Casey Armstrong
- Posted by admin
- On February 13, 2020
- 0 Comments
Region: Northeast
NCHC Board member Casey Armstrong does not remember a time in her life when horses were not a significant factor. She grew up in Enfield, NC with a palomino pleasure horse named Angel. They spent many years together on the show circuit and when Casey went off to Meredith College, it was not an academic decision but the fact that Meredith had an equine program and Angel could also attend. After the two of them graduated from college with a B.A. degree in Sociology, Casey settled into a career as an agent with the State Bureau of Investigation, but still found time to maintain her equine interests. After marriage slowed down her gun-toting years, a fascination with the level of conditioning and grooming of Thoroughbred yearlings at the summer sales at Keeneland led her to seek employment with Three Chimneys Farm in Lexington, Kentucky. This unique experience stretched into five years of commuting between Enfield and Kentucky, working with the yearlings on the farm in the summers and then at the sales.
Casey was a REINS volunteer for quite a few years and especially enjoyed preparing educational presentations for various horse groups. She utilized the equine gastro-intestinal tract on loan from the NCSU Vet School to talk about how the GI tract functions in relation to feeding domestic horses. She and “GI Joe”, as one 4-H club dubbed the specimen, made the rounds of horse camps and 4-H clubs for educational purposes.
A member of the NCHC Board of Directors and Executive Committee for more than twenty years, she believes that the most important thing she can offer the organization is a unique historical perspective. She served as President of the NCHC in 2005 – 2006 and continues to serve on the Executive Committee.

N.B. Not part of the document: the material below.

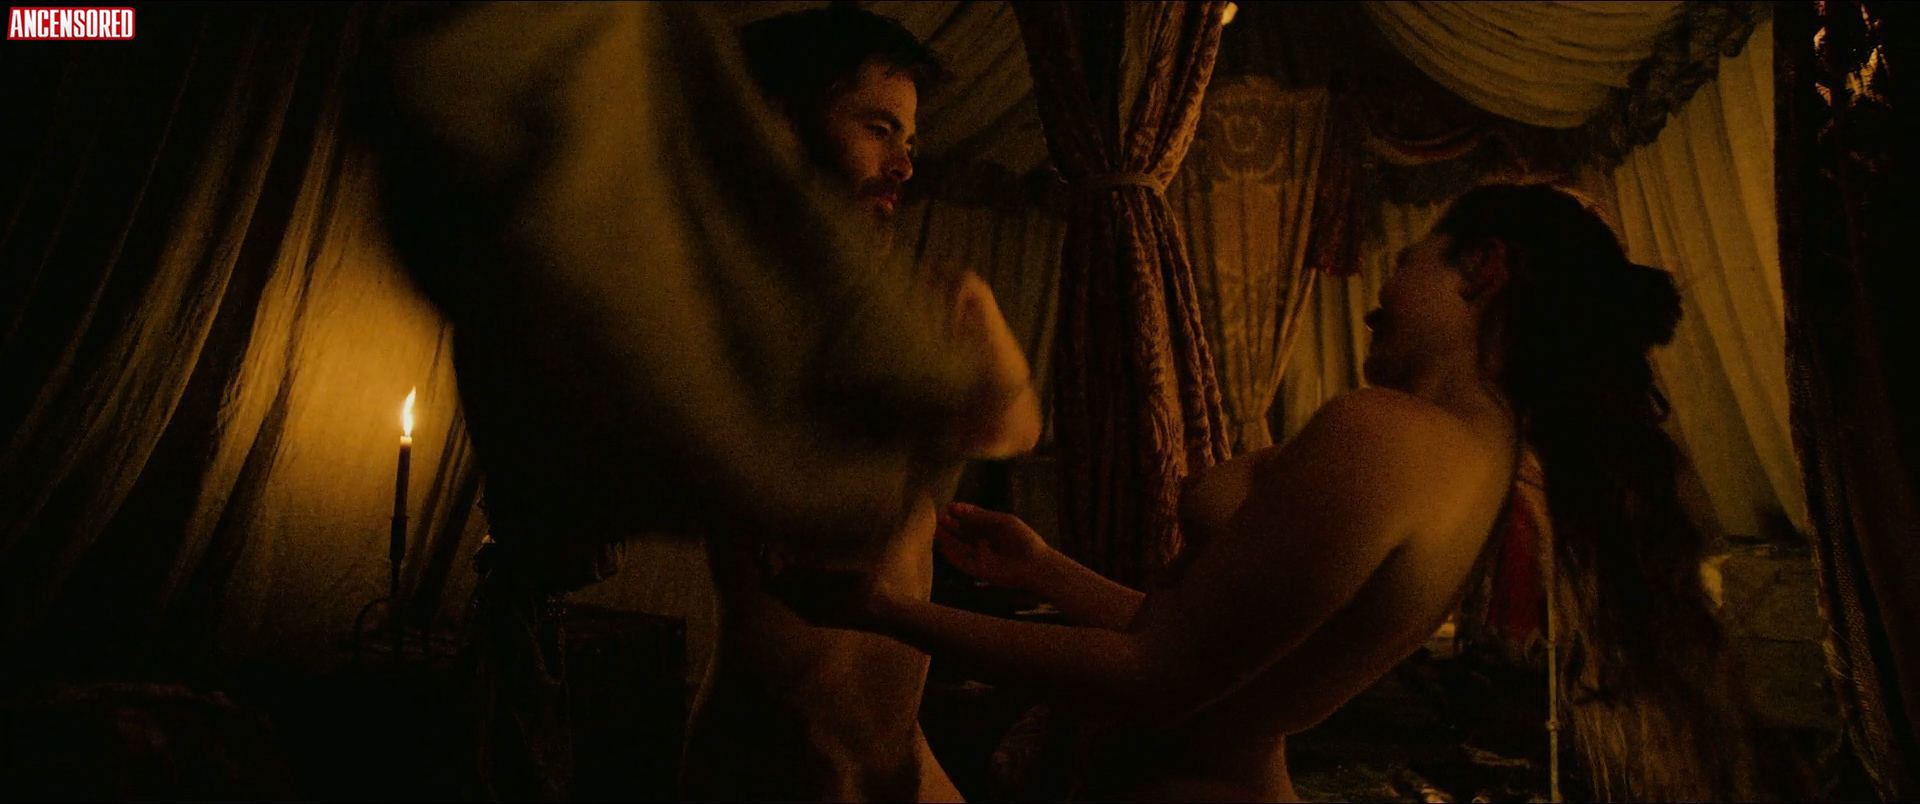 Florence Pugh Nude Scene From Outlaw King Enhanced In K The

Casey recently completed a seven-year term as a member of the North Carolina Board of Agriculture, appointed by the Governor to represent the equine industry and gaining a new appreciation for the role of agriculture in North Carolina.
Employed by Enfield Baptist Church as the office administrator, she also enjoys spending time promoting major Saddlebred shows throughout the state. Her joy is being a “not so quiet” horse show mother as she watches her daughter, Sarah, compete in the show ring. Self -described as an “eternal optimist”, Casey Armstrong looks forward to many more years of serving the North Carolina Horse Council and the equine industry in our state.